D: Tell them we’re running out of time here. I really want to get the message, because they were giving me instructions. (Confusion) Maybe they can relay it to someone else who can give me the message.
J: That’s what they’re doing. (Softly, as though talking to someone else.) Okay. (Big sigh.)
D: Are they ready now?
J: (Another louder voice.) Perhaps.
D: Because I have no way of knowing if I’m breaking any regulations, if they don’t instruct me.
J: (She started to talk, then cleared her throat, as though the being had to adjust to her vocal cords. The next voice was definitely feminine and softer.) There have been no regulation violations. But we would caution you to be extremely careful in your casual discussions of the phenomenon. You must be careful with whom you share casual information. There are sensitive areas. It is important, I repeat, just casual information and sharing is not allowed. You have done well, and we are thankful. One of the problems could be the nature of the information, and the timing. It is not a matter for everyone to know everything. You are very good at being able to determine who should know what. That is a level of your expertise that allows us to work with you well. It is not a matter of trusting or not trusting you, as much as it is a matter of timing. Time to know, time not to know. So, whenever you are given information in the future there will sometimes be instructions not to divulge it, until you are given further instructions. Perhaps you can find a way if it is necessarily crucial to something on which others are working, to advise them. But do not divulge your source. We will be orchestrating their knowledge, so that anything that is shared with others will be of a nature that it is preapproved.

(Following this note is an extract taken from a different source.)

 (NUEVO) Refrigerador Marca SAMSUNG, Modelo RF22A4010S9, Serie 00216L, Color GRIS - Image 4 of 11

Throughout, the author does not seem concerned with establishing even the pretense of plausibility and her interview techniques are atrocious, clearly meant to assist her subjects in their inventions. The so-called secrets of the universe that these women are meant to possess are nothing but sci-fi cliches and it is telling that, in both cases, the women made great efforts to get in contact with and work with Cannon, who made herself available to them only sporadically. If, as she claims, Cannon was receiving “lost knowledge” and “allowed to have the answers to any questions [she] wished to ask” from these women, it is odd that she was unwilling to go out of her way to meet with them, and prioritized speaking engagements and mundane entrepreneurial activities over receiving information that, if true, would be of infinite value.

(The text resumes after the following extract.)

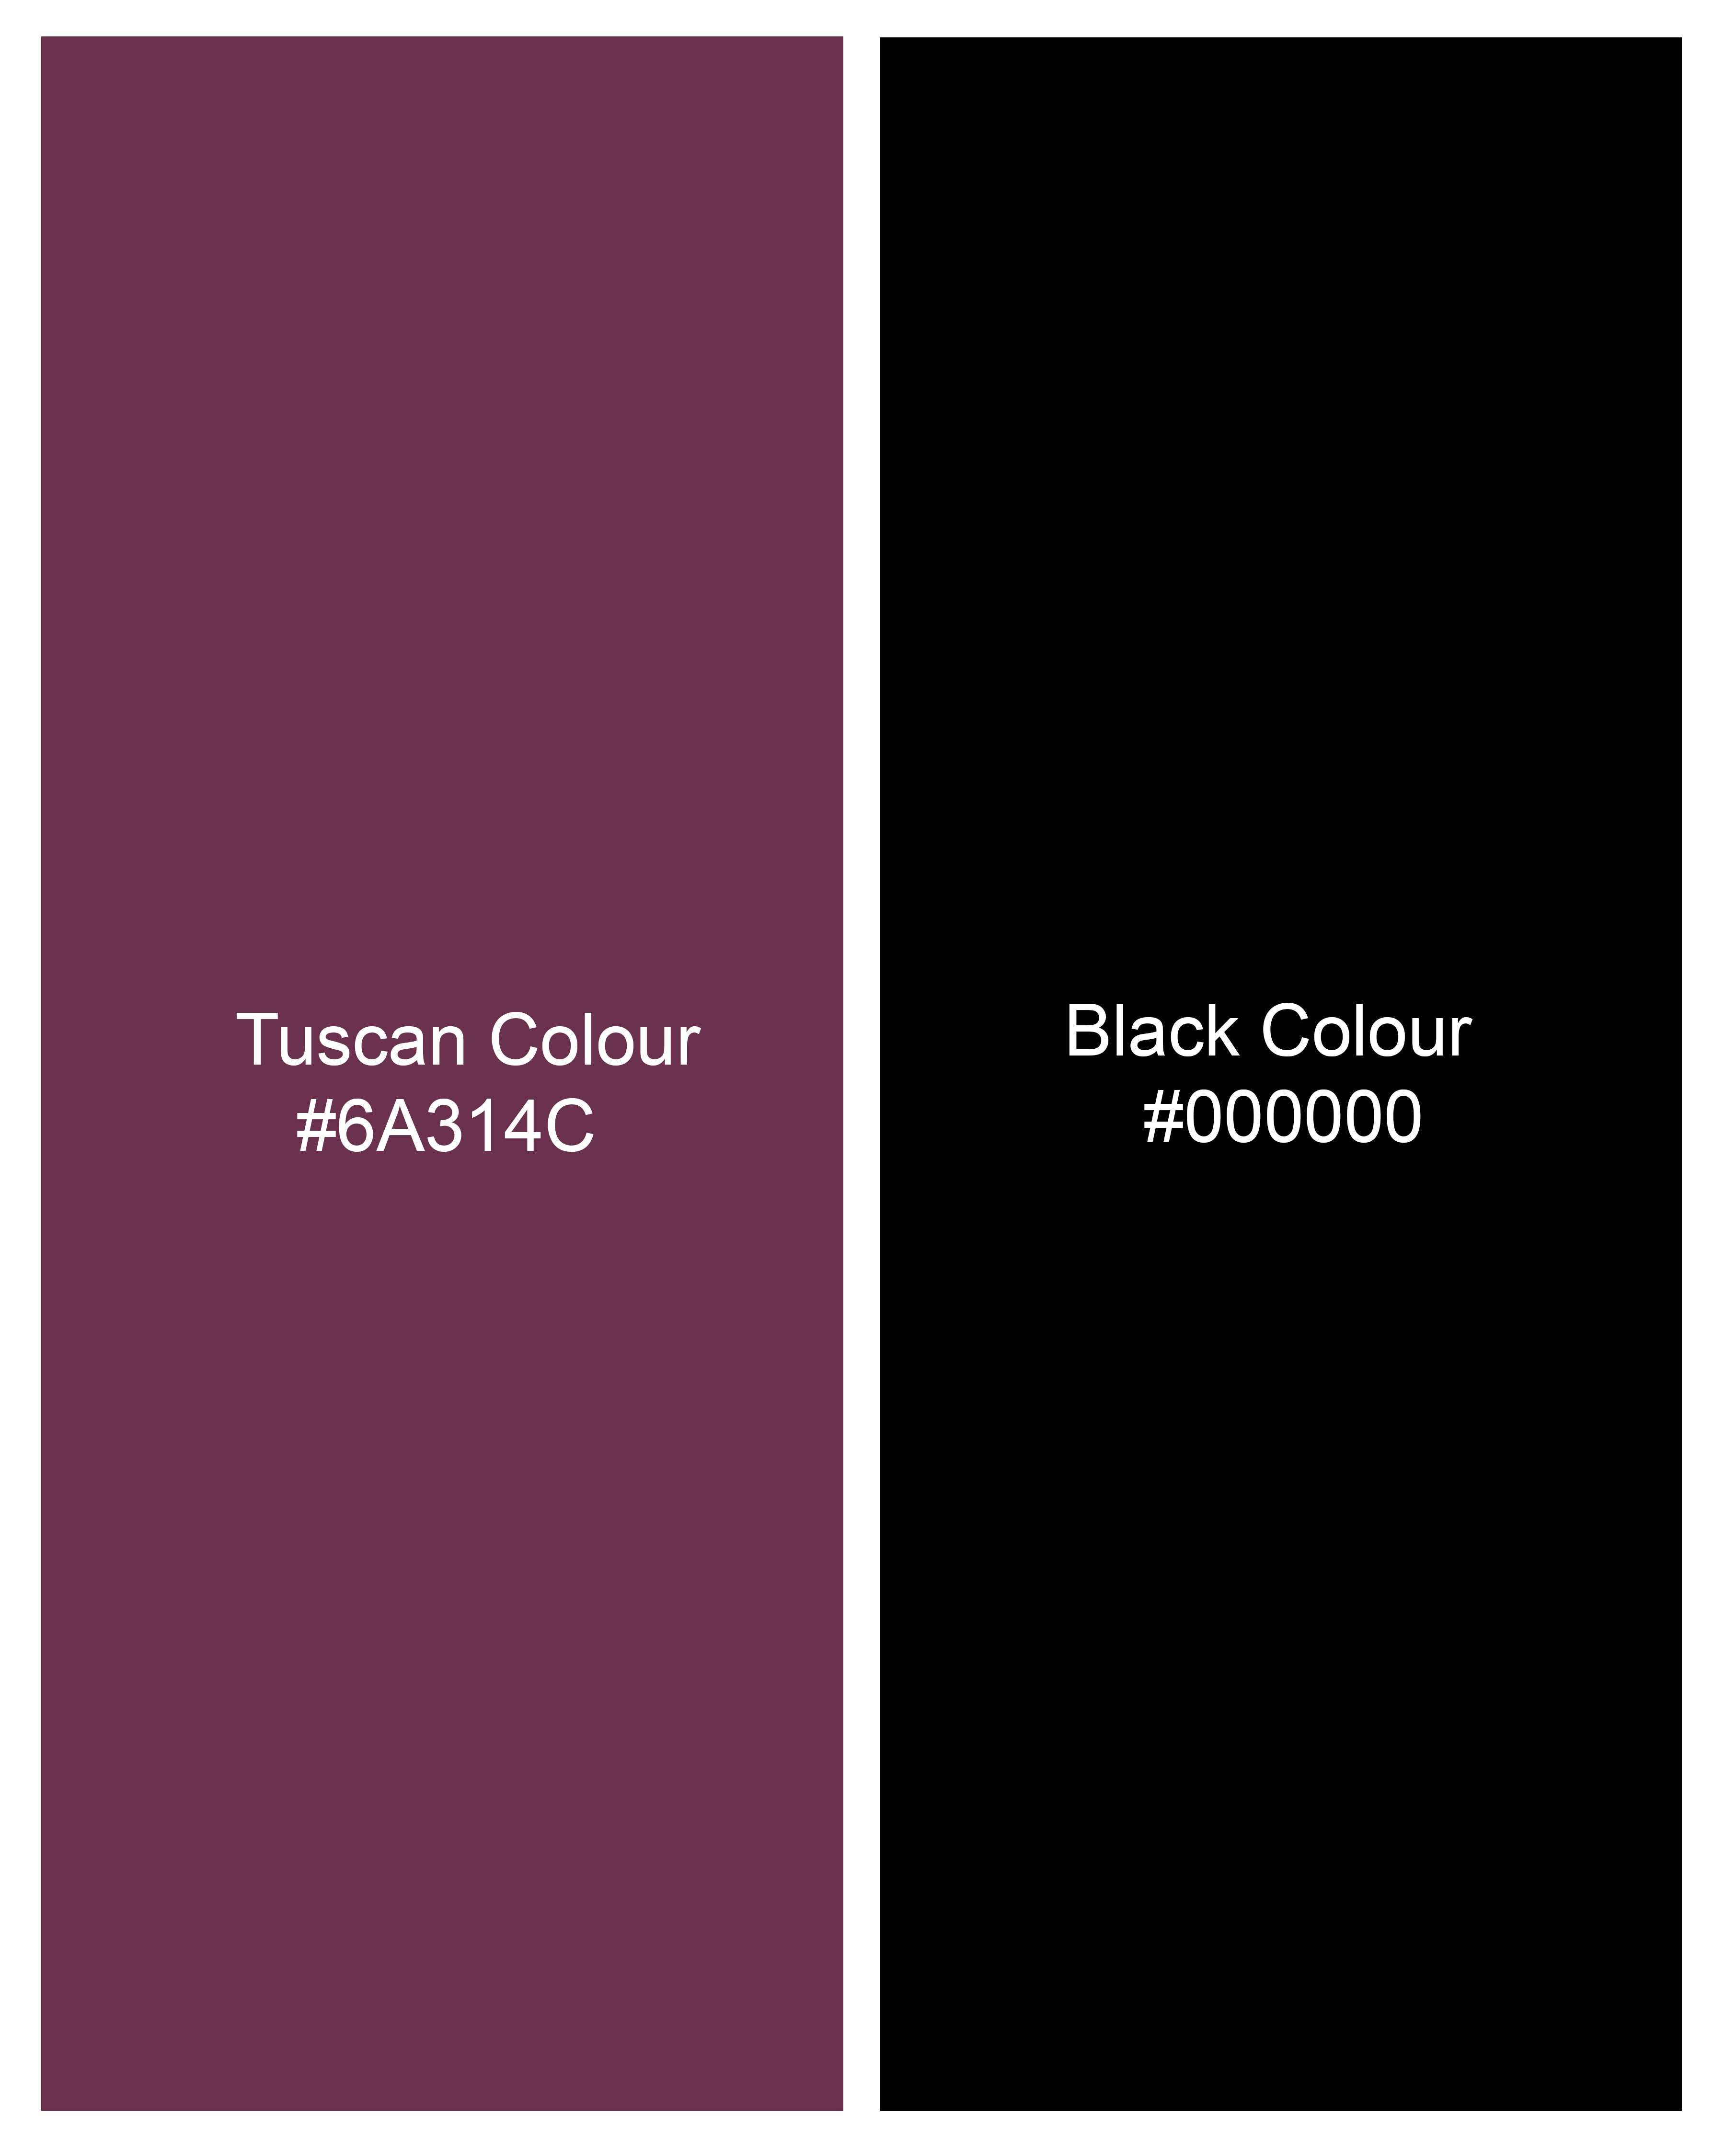 Tuscan Maroon with Black Jacquard Textured Premium Giza Cotton Shirt 9650-CA-BLK-38,9650-CA-BLK-H-38,9650-CA-BLK-39,9650-CA-BLK-H-39,9650-CA-BLK-40,9650-CA-BLK-H-40,9650-CA-BLK-42,9650-CA-BLK-H-42,9650-CA-BLK-44,9650-CA-BLK-H-44,9650-CA-BLK-46,9650-CA-BLK-H-46,9650-CA-BLK-48,9650-CA-BLK-H-48,9650-CA-BLK-50,9650-CA-BLK-H-50,9650-CA-BLK-52,9650-CA-BLK-H-52

All of this might lead you to wonder, as I did, how such a ridiculous book could come to be published. It turns out that the author literally started her own company (Ozark Mountain Publishing) because no one else would touch her work. The fact that she was forced to go to such lengths would be an encouraging statement about the survival of common sense amongst readers, if it weren’t for the fact that, for some inexplicable reason, Cannon managed to develop a following of people who took her seriously and continue to propagate her bat-shit crazy legacy even after her death.
Why I read it: It came up in conversation with my massage therapist.
The Field Guide
The Field Guide: The Art, History and Philosophy of Crop Circle Making by Rob Irving and John Lundberg, edited by Mark Pilkington, 2/5
This book, bizarrely, seems to affirm the mystic nature of crop circles (in the process, condoning the associated pseudo-science and quackery of self-styled “experts” in the field) while completely denying crop circles’ otherworldly origins so blatantly as to give instructions for their creation and to interview the men credited with starting the whole phenomenon back in the 1980s. At least, that’s what I understood from the rambling, incomplete sentences in this confused and cluttery little book, which is so deficient as to lack even good photographs of the patterns it describes. The only redeeming feature of this little disaster is the informative interviews with crop circle makers at the end.
Why I read it: the title caught my eye in a used bookstore.